Cipla gained as much as 3.5 percent in Mumbai trading today.
Advair was the world’s fourth best-selling medicine last year and Glaxo’s top product, bringing in a total $8.25 billion in 2013 from powdered and aerosol versions. As it makes cheaper copies of the Glaxo drugs, Cipla faces competitors such as Mylan Inc.
Mylan, based in Canonsburg, Pennsylvania, aims to file an application for generic Advair to the FDA in the third quarter of 2015 and start selling it in the U.S. market in 2016, President Rajiv Malik said on an Aug. 7 call with analysts. Malik said the company will be the first to market in the U.S.
The FDA last year revised guidelines on the asthma medicine, saying long, expensive human tests aren’t required to show copies of the drug work the same. Glaxo’s brand-name version is projected to have sales of 3.53 billion pounds ($5.9 billion) in 2016, data compiled by Bloomberg show, as competing products gain traction and as Glaxo introduces other treatments.
“We are confident of maintaining our leadership position in this field well into the next decade,” said Glaxo in an e-mailed response to questions. New respiratory products such as Breo, Anoro and Incruse, and products still in the pipeline will generate new sales growth, Glaxo said.
Cipla has developed expertise in the aerosol version of Advair, Hamied said. The spray version was developed by Glaxo to improve delivery into the lungs for people who can’t use dry powder inhalers.
Cipla has approvals for copies of the aerosol version in 10 countries in Europe, including Germany and Sweden, according to Hamied. The company has submitted an application in the U.K. and hopes to have an approval from the U.K. regulator by the end of the year, he said. Country-by-country launches in Europe will happen “well before” the end of this year, Hamied said.
“Advair is the biggest opportunity in inhalation products for Indian companies, and the nearest one,” said Nimish Mehta, director of Research Delta Advisors. “This is going to be one of the major growth drivers for Cipla,” which will be first to market in Europe with substitutable generic Advair, Mehta said.
A copy of the powder version of Advair made by Sandoz -- which is not substitutable with the original Glaxo product -- is already available in Europe.
Even without patent protection on the drug itself, Glaxo has protections on the inhalers that dispense the drug: until 2016 for the “Diskus” device that dispenses the powder version of the drug, and 2025 on the inhaler that dispenses the aerosol version. The FDA’s last guidance from September laid out the characteristics that an inhaler should have, including a similar size and shape to Diskus, suggesting some generic devices may qualify.
In the U.S. HIV market, Cipla’s plan is to make more drugs available at lower prices. Gilead’s drug Atripla sells for about $24,000 a year in the U.S., while its pill Truvada goes for about $13,000, Hamied estimates.
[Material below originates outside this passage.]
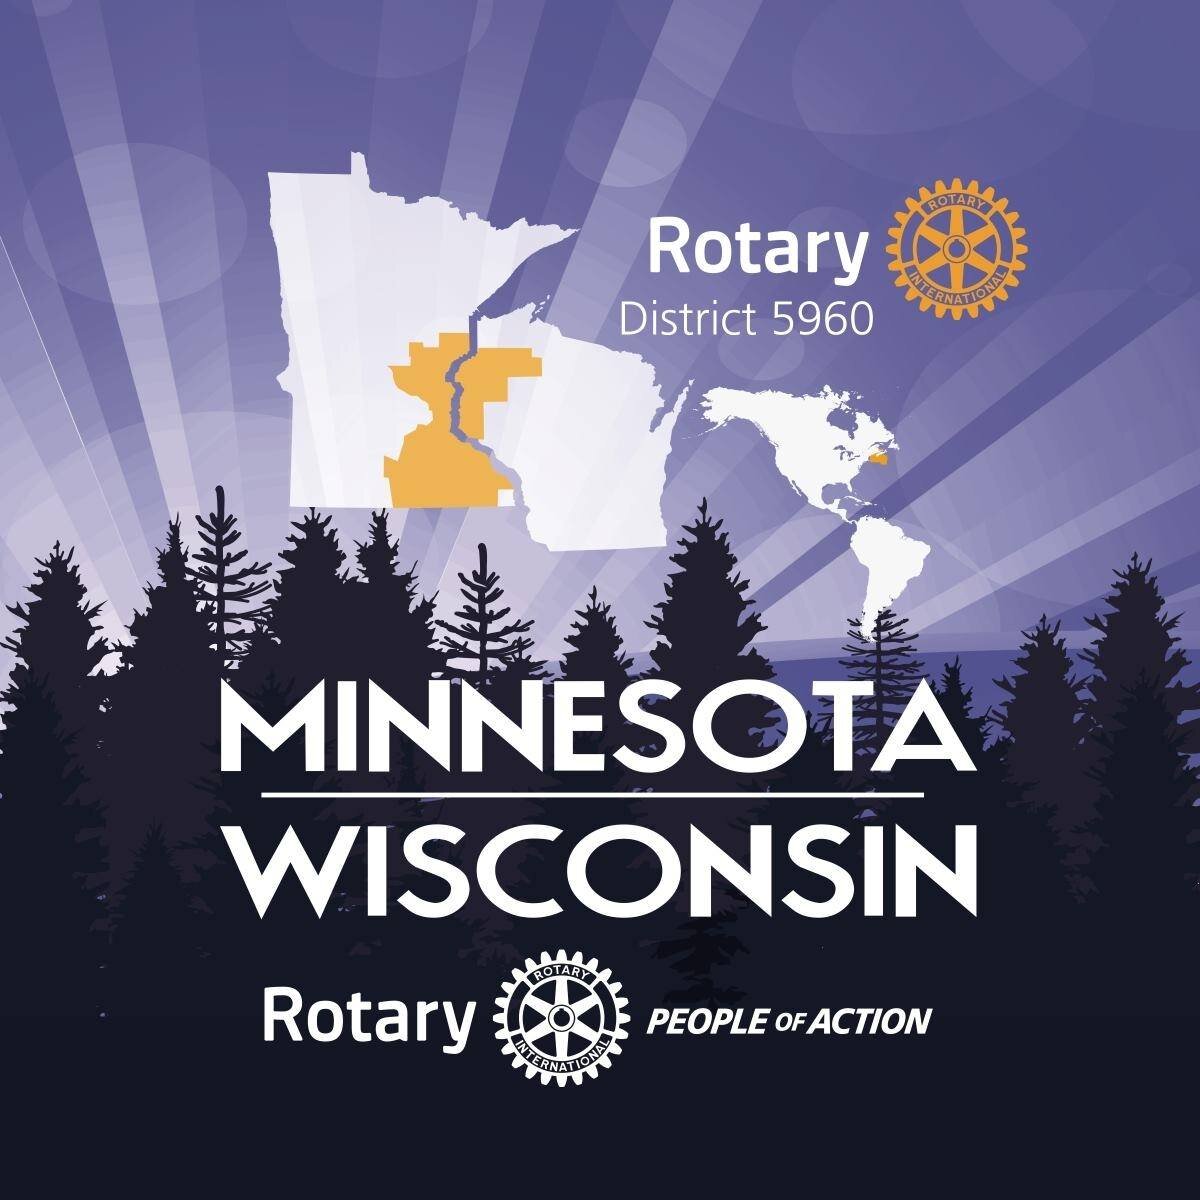 rotary Wisconsin Minnesota.jpg

The generic copies Cipla sells in South Africa cost $98 and $72 per year respectively, and can be made available in the U.S. after patents expire between 2017 and 2021, Hamied said.
The copies already have tentative approval from the FDA through the PEPFAR, or the President’s Emergency Plan for AIDS Relief program, the U.S. government initiative that provides AIDS drugs in Africa.
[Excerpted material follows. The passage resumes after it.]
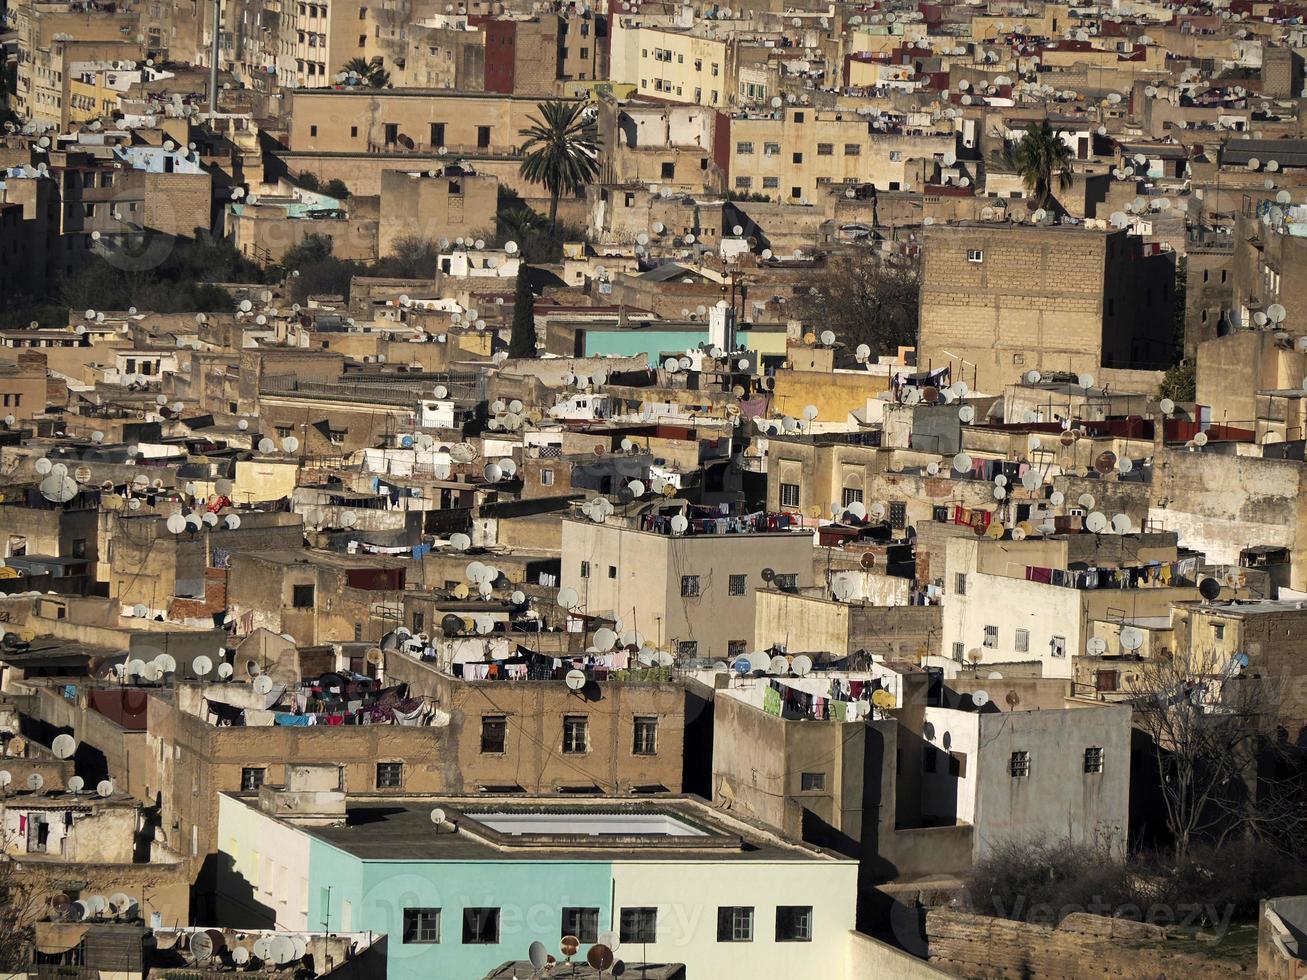 vue aérienne panorama de la médina de fez el bali maroc. fes el bali a été fondée comme capitale de la dynastie idrisside entre 789 et 808 après JC. photo

Responding to questions on the status of its patents, Gilead spokesman Nick Francis said the U.S. company settled infringement lawsuits against Cipla over the drugs Emtriva and Viread -- made of ingredients also used in Atripla and Truvada. The terms of the settlement weren’t disclosed, Francis said, without providing more details.
Cipla is planning its first-ever manufacturing plant in the U.S. The new facility might be focused on making HIV medicines, Hamied said.
“We have the expertise, but apart from us, there are 10 other Indian companies doing the products,” he said of the HIV drugs. “So, with the tooth and nail competition, believe me, prices in the U.S. will be like the South African prices.”